Friday, August 12, 2011

In Memory of W. B. Yeats

He disappeared in the dead of winter:
The brooks were frozen, the airports almost deserted,
And snow disfigured the public statues;
The mercury sank in the mouth of the dying day.
What instruments we have agree
The day of his death was a dark cold day.

Far from his illness
The wolves ran on through the evergreen forests,
The peasant river was untempted by the fashionable quays;
By mourning tongues
The death of the poet was kept from his poems.

But for him it was his last afternoon as himself,
An afternoon of nurses and rumours;
The provinces of his body revolted,
The squares of his mind were empty,
Silence invaded the suburbs,
The current of his feeling failed; he became his admirers.

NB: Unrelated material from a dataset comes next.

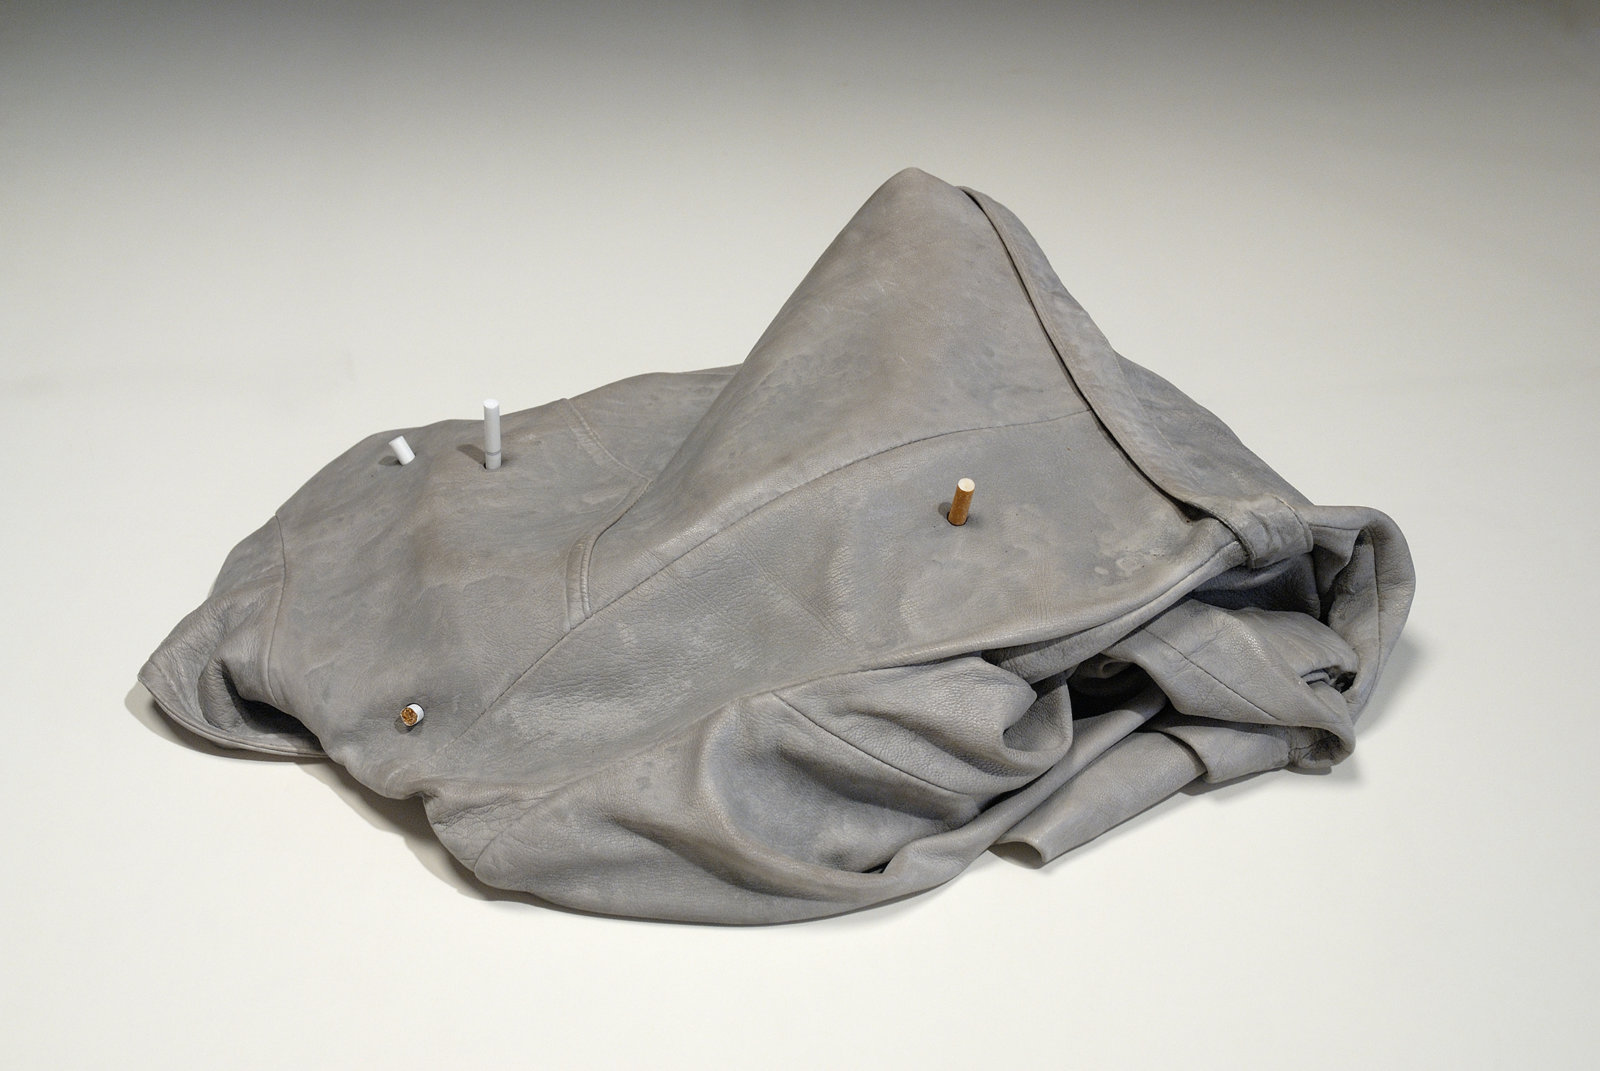 Liz Magor, Leather (4 cig), 2008, polymerized gypsum, cigarettes, 7 x 17 x 24 in. (17 x 43 x 61 cm)

Now he is scattered among a hundred cities
And wholly given over to unfamiliar affections,
To find his happiness in another kind of wood
And be punished under a foreign code of conscience.
The words of a dead man
Are modified in the guts of the living.

But in the importance and noise of to-morrow
When the brokers are roaring like beasts on the floor of the Bourse,
And the poor have the sufferings to which they are fairly accustomed,
And each in the cell of himself is almost convinced of his freedom,
A few thousand will think of this day
As one thinks of a day when one did something slightly unusual.
What instruments we have agree
The day of his death was a dark cold day.

II

You were silly like us; your gift survived it all:
The parish of rich women, physical decay,
Yourself. Mad Ireland hurt you into poetry.
Now Ireland has her madness and her weather still,
For poetry makes nothing happen: it survives
In the valley of its making where executives
Would never want to tamper, flows on south
From ranches of isolation and the busy griefs,
Raw towns that we believe and die in; it survives,
A way of happening, a mouth.

Earth, receive an honoured guest:
William Yeats is laid to rest.
Let the Irish vessel lie
Emptied of its poetry.
In the nightmare of the dark
All the dogs of Europe bark,
And the living nations wait,
Each sequestered in its hate;
Intellectual disgrace
Stares from every human face,
And the seas of pity lie
Locked and frozen in each eye.
Follow, poet, follow right
To the bottom of the night,
With your unconstraining voice
Still persuade us to rejoice;
With the farming of a verse
Make a vineyard of the curse,
Sing of human unsuccess
In a rapture of distress;
In the deserts of the heart
Let the healing fountain start,
In the prison of his days
Teach the free man how to praise.

W.H. Auden

9 comments:

marg said...

Brilliant poem. You don't mention that it was written by Auden.

Anonymous said...

I don't know if you have heard WH Auden reading it himself. Always interesting to hear the cadences intended by the poet. Interestingly the spoken version is slightly different - I know he amended it but don't know which is the latter version.

In Memory of WB Yeats

tgolm

LottieP said...

Over 25 years ago, a group of us recited it for a school assembly. My part was from "Now he is scattered..." to "the guts of the living". I've never forgotten them. My friend Jamie read the last stanza and I always hear his voice when I read it.

Thanks Marg, I have added the correct attribution! It was written in 1939.

I'm never sure about hearing the poet read the work, tgolm. Wow! He has quite an accent.

LottieP said...

We read the lines "Time that is intolerant..." which are missing from the version here but appear in the reading you link to.

Anonymous said...

he probably added the "indifferent in a week" bit after some "boyfriend trouble".

Good Documentary here on him:

http://www.youtube.com/watch?v=pAsmDSpjWIM&feature=mfu_in_order&list=UL

tgmolm

LottieP said...

Thanks for the link. Strangely moving, especially the music. I'll ask my mum if she knows who it is.

Anonymous said...

it was mentioned in one of the comments below

Max Richter - 'Vladimir's Blues' from The Blue Notebooks.

http://www.youtube.com/watch?v=6TqV986mOm8

LottieP said...

Thank you for the link. It sent me on an internet odyssey eneding with this.